“Aduh sakit, Di! Pelan-pelan dong!” Roni meringis kesakitan sambil memegangi bibirnya yang mengalami luka lebam akibat bogem mentah dari kakak gadis yang telah ia permainkan.
“Makanya, jadi cowok jangan playboy! Tau rasa sekarang! Ini belum seberapa, lain kali bisa aja elo dikarungin orang gara-gara kelakuan lo itu!” omel Adi kesal sambil menekan-nekan kapas yang telah ia basahi dengan betadine ke sudut bibir Roni yang pecah.

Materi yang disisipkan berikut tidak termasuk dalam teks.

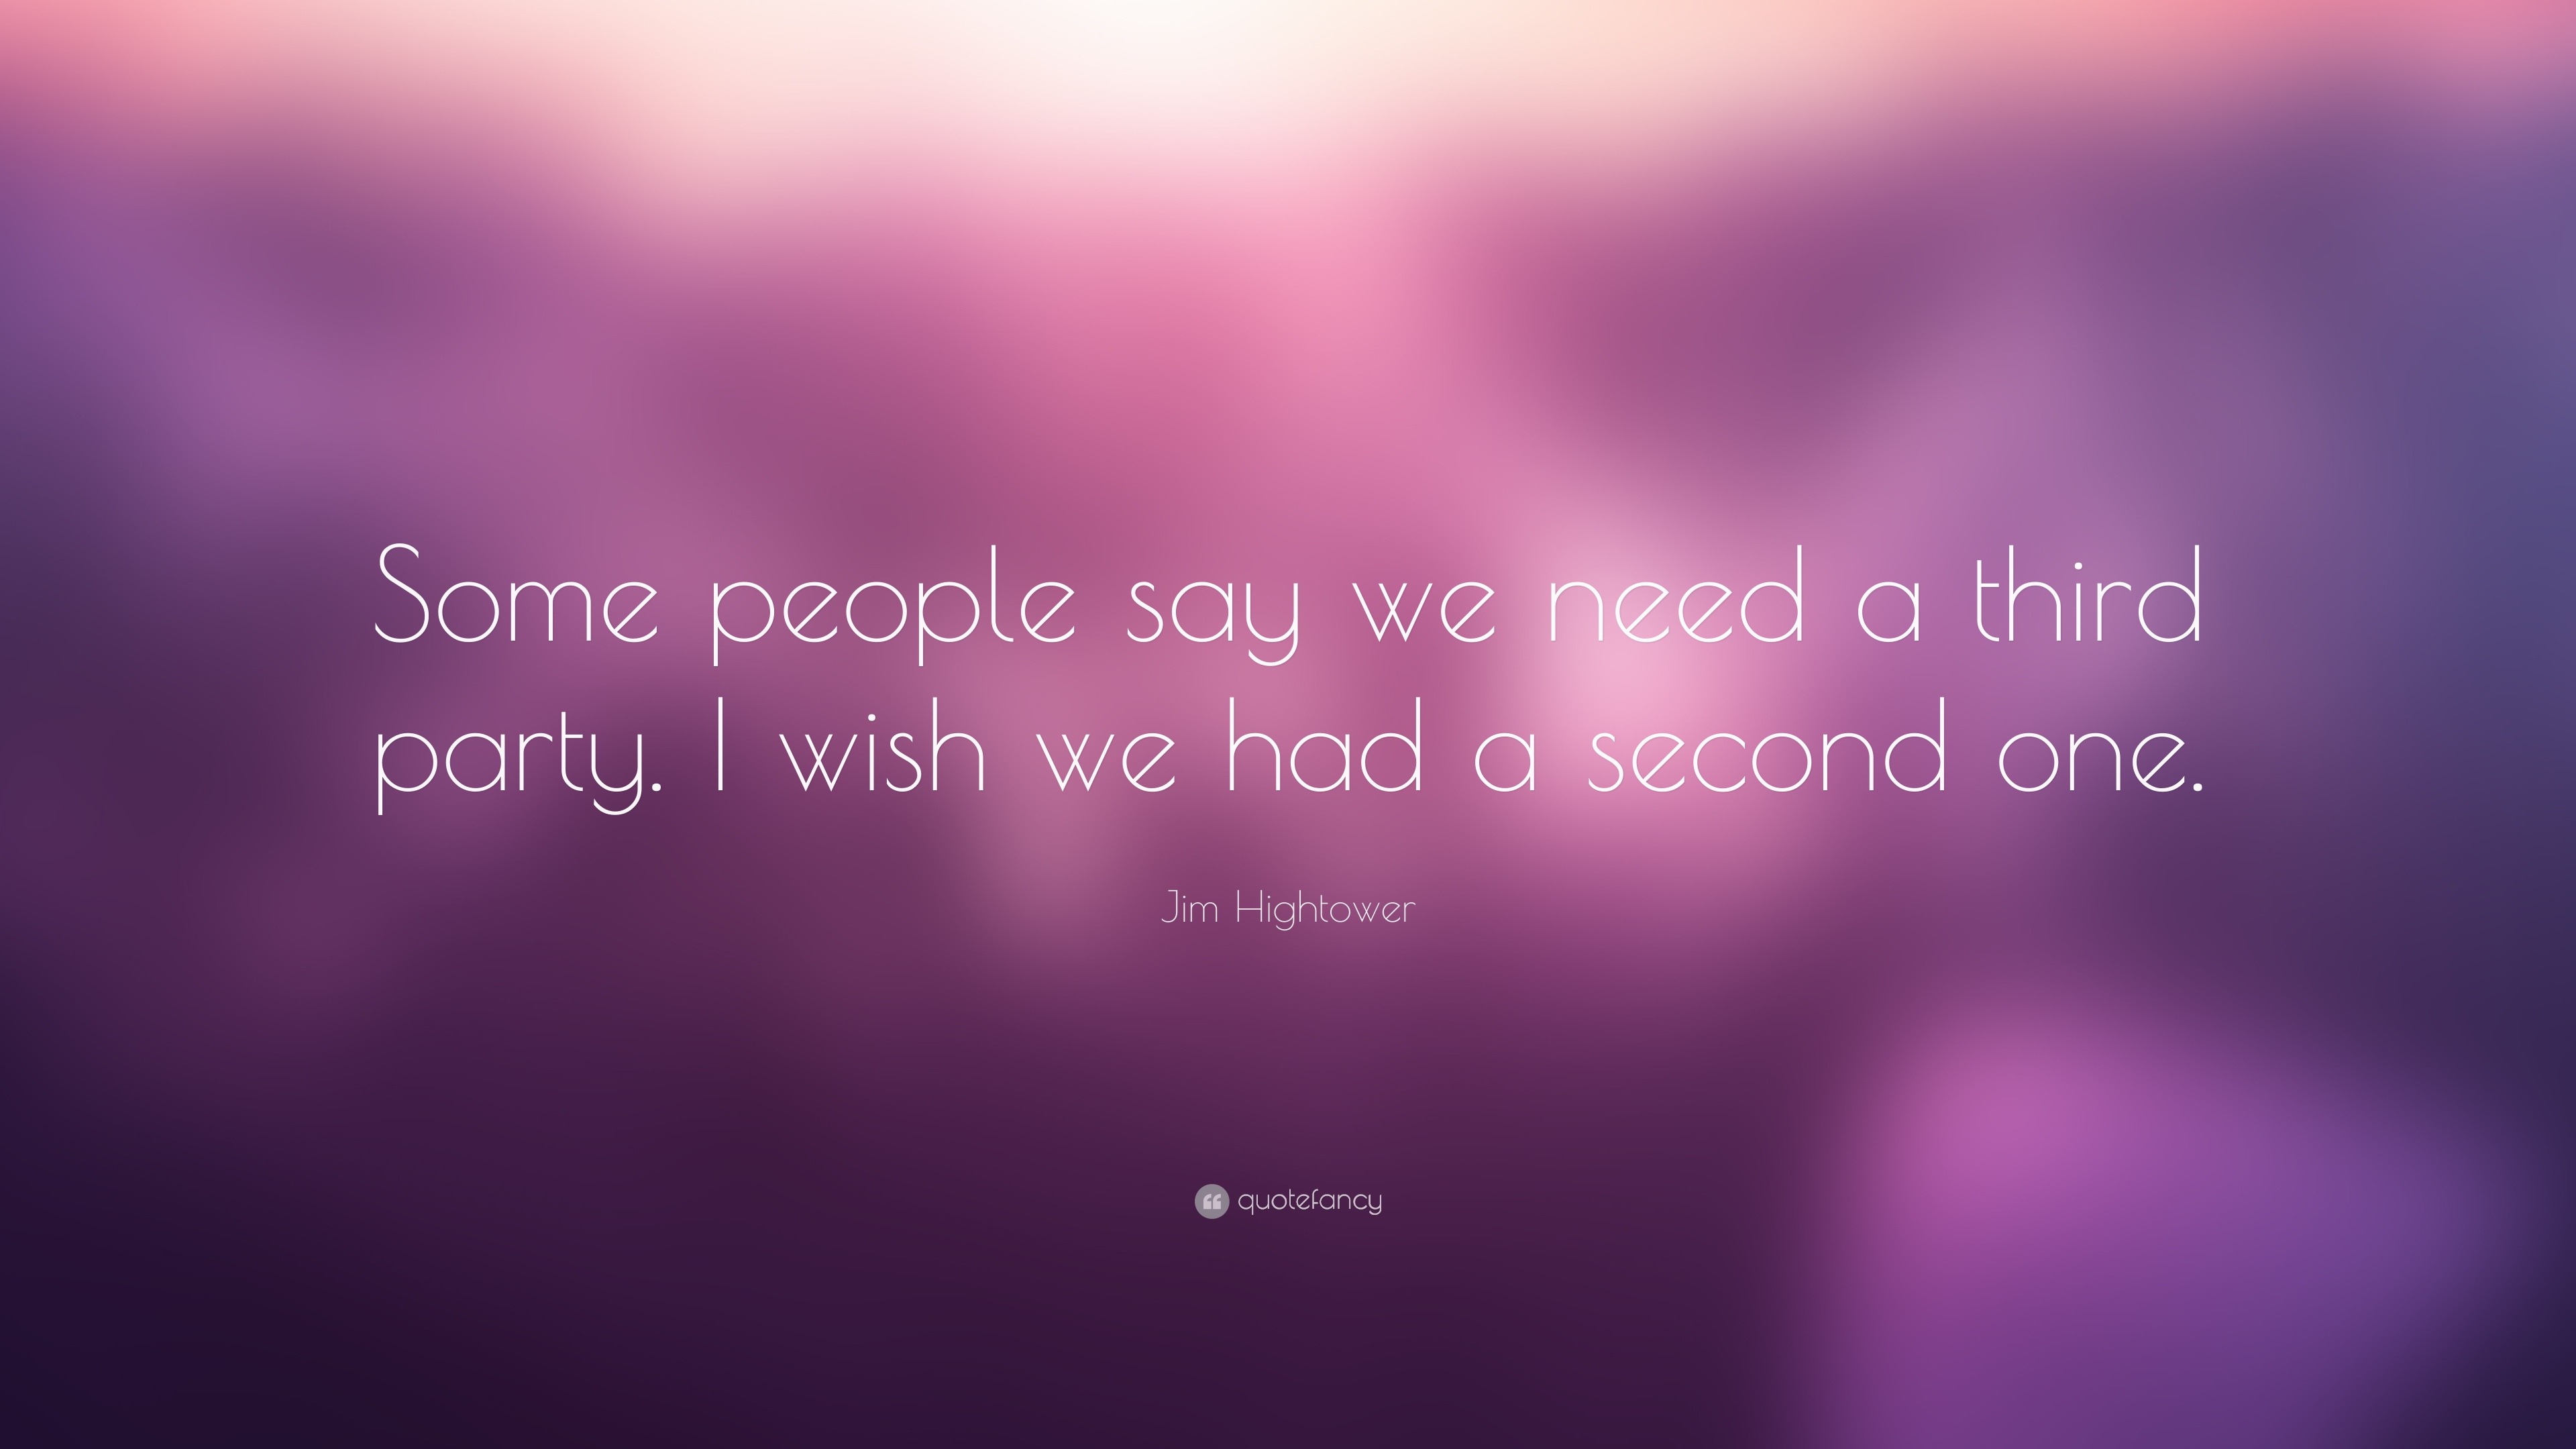 Jim Hightower Quote: “Some people say we need a third party. I wish we ...

“Au ... au .... sakit Di, pelan-pelan.”
Mereka berdua sedang berada di ruang kesehatan kampus. Ruang kesehatan yang biasanya di jaga oleh seorang petugas kesehatan untuk melayani mahasiswa dan dosen yang butuh pertolongan pertama, tapi saat ini si petugas sedang tidak ada di tempat. Jadi Adi lah yang membantu Roni mengobati lukanya.
“Ada masalah apa sebenarnya elo sama itu cewek? Lo tidurin dia?” tuduh Adi.

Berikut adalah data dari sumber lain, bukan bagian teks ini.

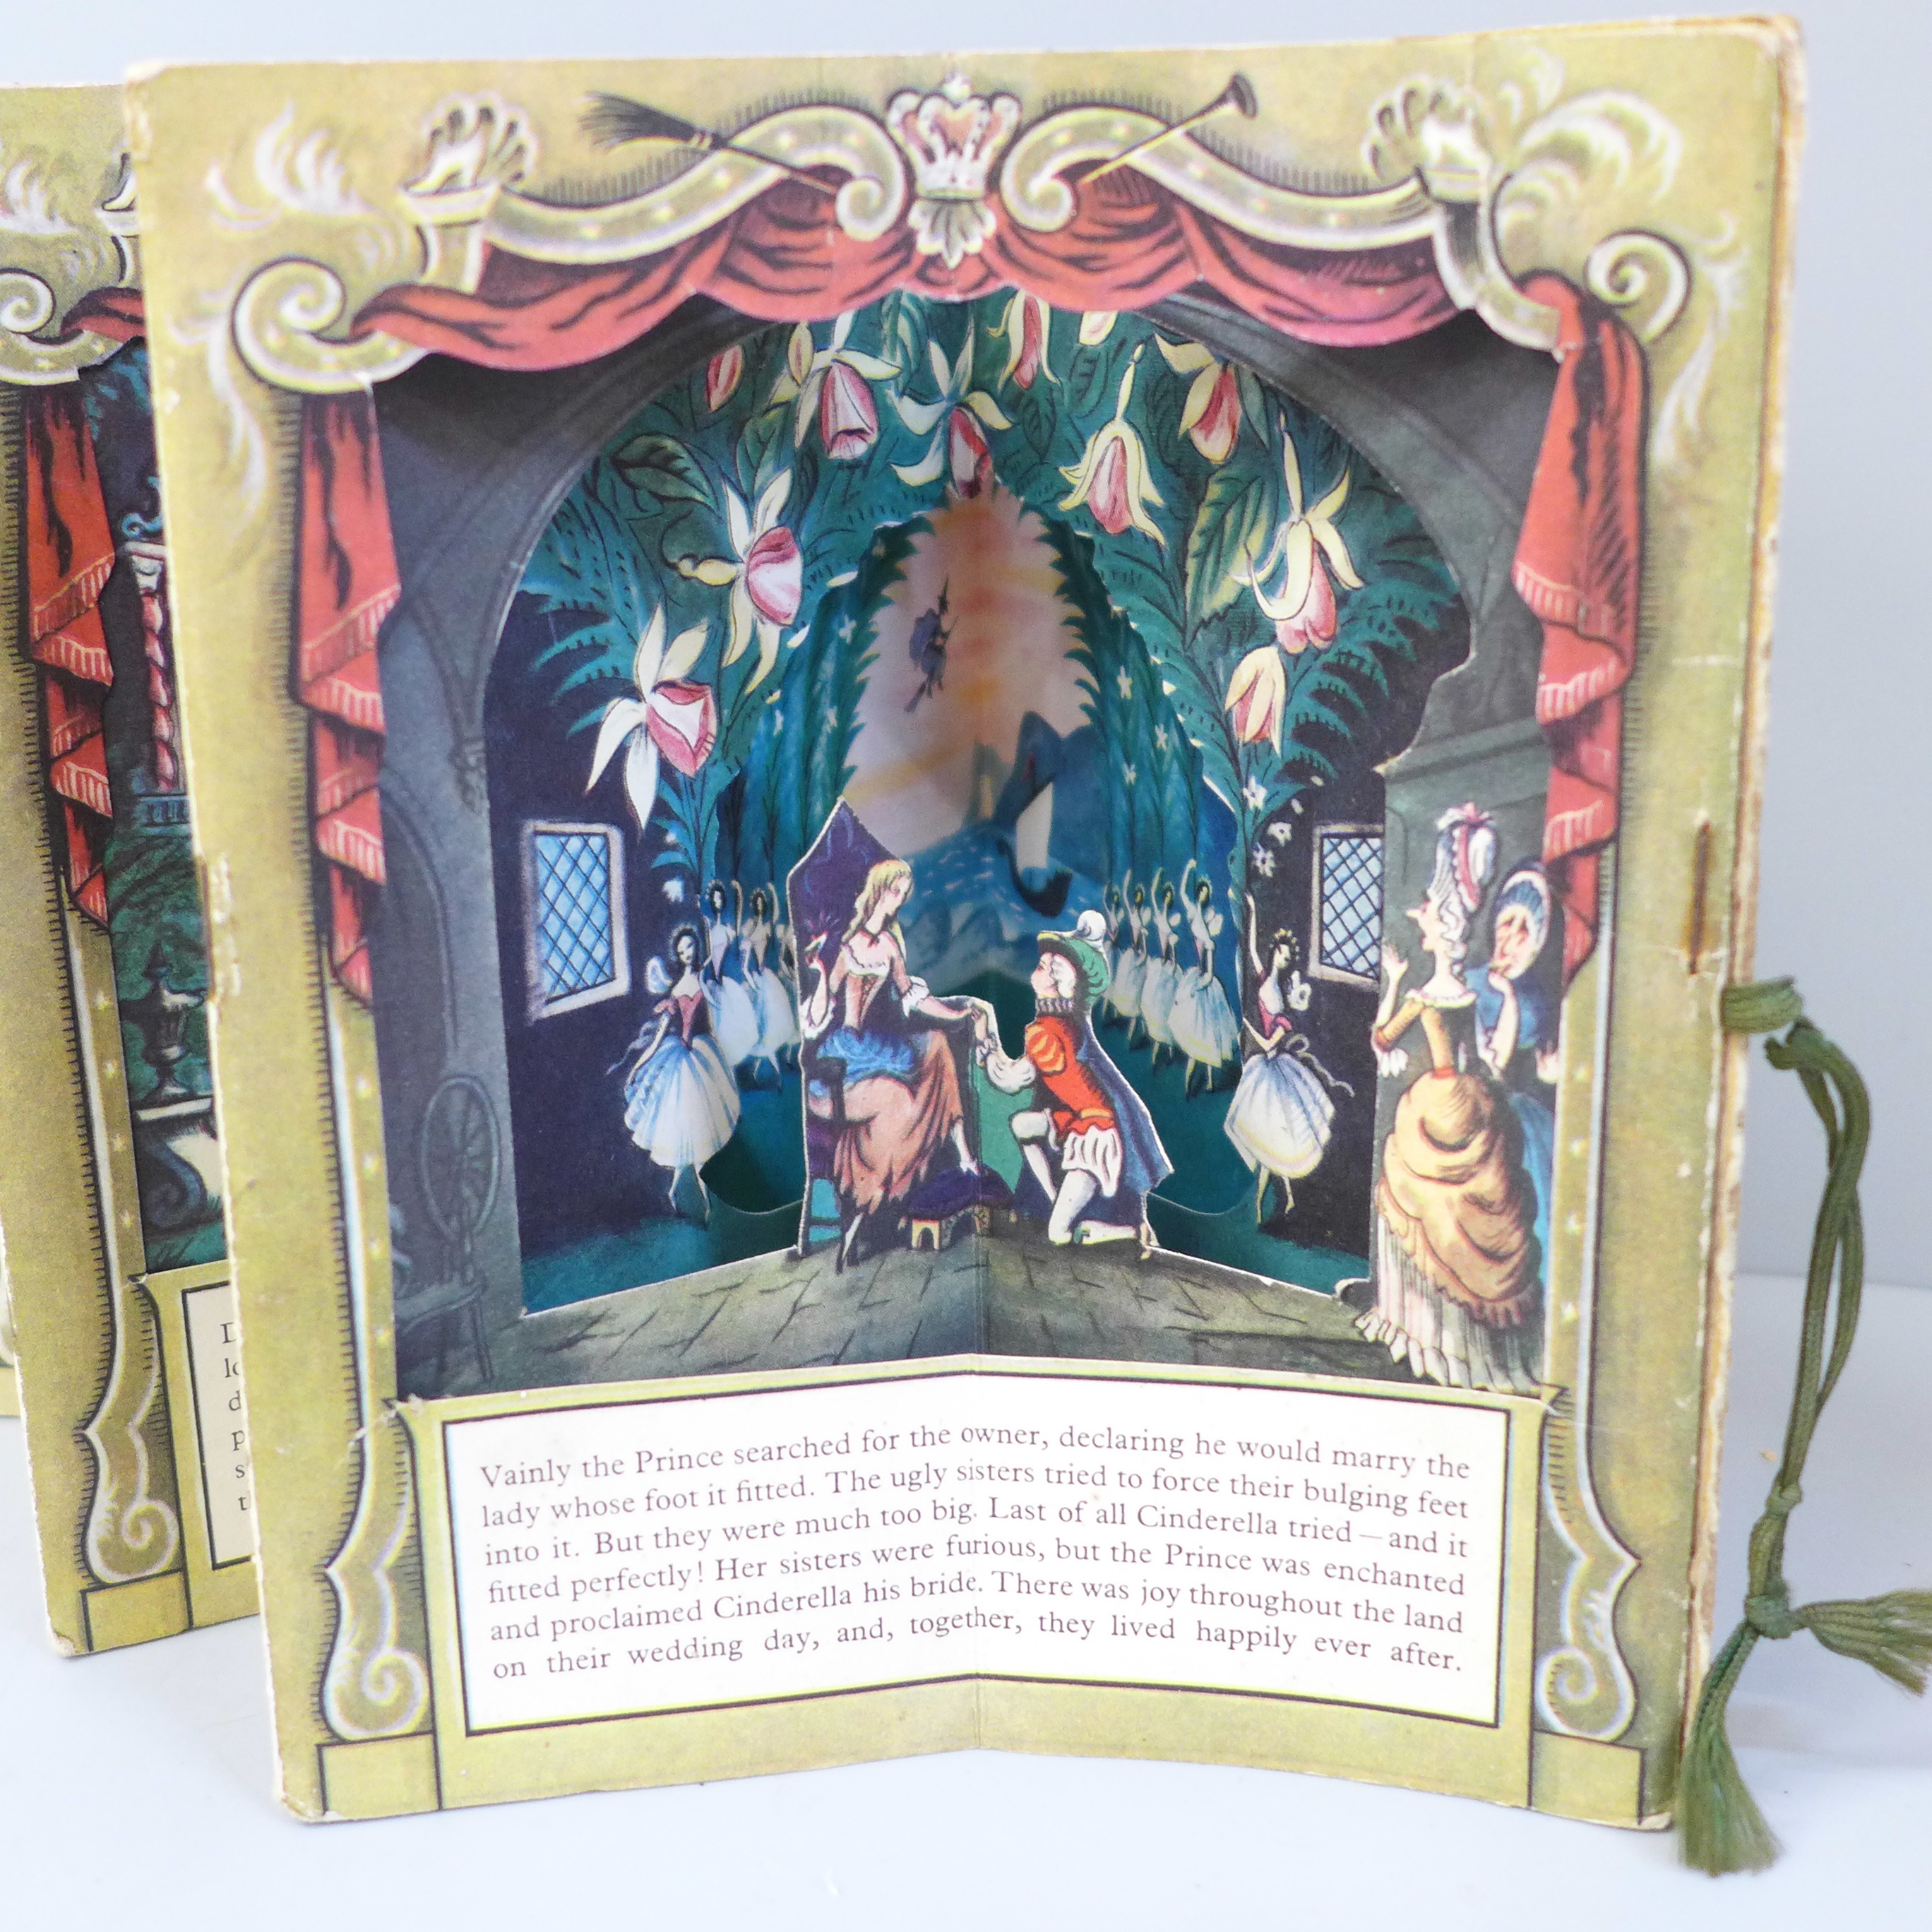 One volume, Cinderella, a Peepshow book, illustrated by Roland Pym - Image 5 of 8

Roni sontak melotot tidak terima. “Enggak, Di! Sumpah! Cewek yang tadi gak gue pakek!”
“Terus cewek yang lain lo pakek?!”
Roni memberengut lalu memalingkan wajahnya ke arah lain dan bergumam pelan, “masih tanya lagi.”
Adi yang duduk di kursi bundar depan Roni mendesah pelan. “Roni Roni .... lama-lama lo buntingin anak orang.”
“Enggak lah! Enak aja lo. Gue gak goblok ya Di. Udah deh, ngomel aja lo kayak emak-emak. Obatin lagi nih.” Menyodorkan muka ke Adi. Di saat yang sama Adi menarik wajahnya menjauh, lalu melempar kapas di tangannya ke wajah Roni.
“Sudah gue obati semua,” ujarnya lalu bangkit berdiri. Dengan cepat Roni menarik Adi untuk duduk kembali.
“Tunggu dulu!”
“Apa lagi? Gue mau balik.”
Adi yang duduk di ranjang pemeriksaan, merangkul kan ke dua tangannya ke atas bahu Adi.
“Adi, demi keselamatan temen lo ini, kita berdua harus tetap pura-pura pacaran,” ujar Roni dengan wajah serius seraya menatap Adi dalam-dalam.
“Hadeh ....“ Adi mendesah panjang, menurunkan tangan Roni dari bahunya lalu bangkit berdiri dan hendak pergi, tapi Roni lagi-lagi menghalanginya.
“Tunggu dulu Di!” memegangi ke dua sisi badan Adi dan memaksa pemuda itu untuk duduk kembali.
“Sebagai sahabat lo tolongin gue dong! Kita harus tetap pura-pura pacaran sementara ini.”
“Buat apa?! Lo terinspirasi dari kasusnya si Radi? Dia nikah kontrak terus lo mau kita pura-pura pacaran?”
“Iya!” sahut Roni cepat. “Kalau Radi nikah kontrak demi keselamatannya, ya sama, kita pura-pura pacaran demi keselamatan nyawa gue. Lo tahu gak? Bisa aja, setelah hari ini, itu cewek ngawasin gue. Dan kalau sampai dia tahu ternyata gue bohong, dia bakal ngadu lagi sama kakaknya. Bisa lo bayangin apa yang akan terjadi sama gue. Sama elo juga. Karena sekarang ini, mau gak mau elo sudah terlibat dalam kebohongan berencana ini,” jelas Roni panjang lebar dengan sorot mata bersungguh-sungguh.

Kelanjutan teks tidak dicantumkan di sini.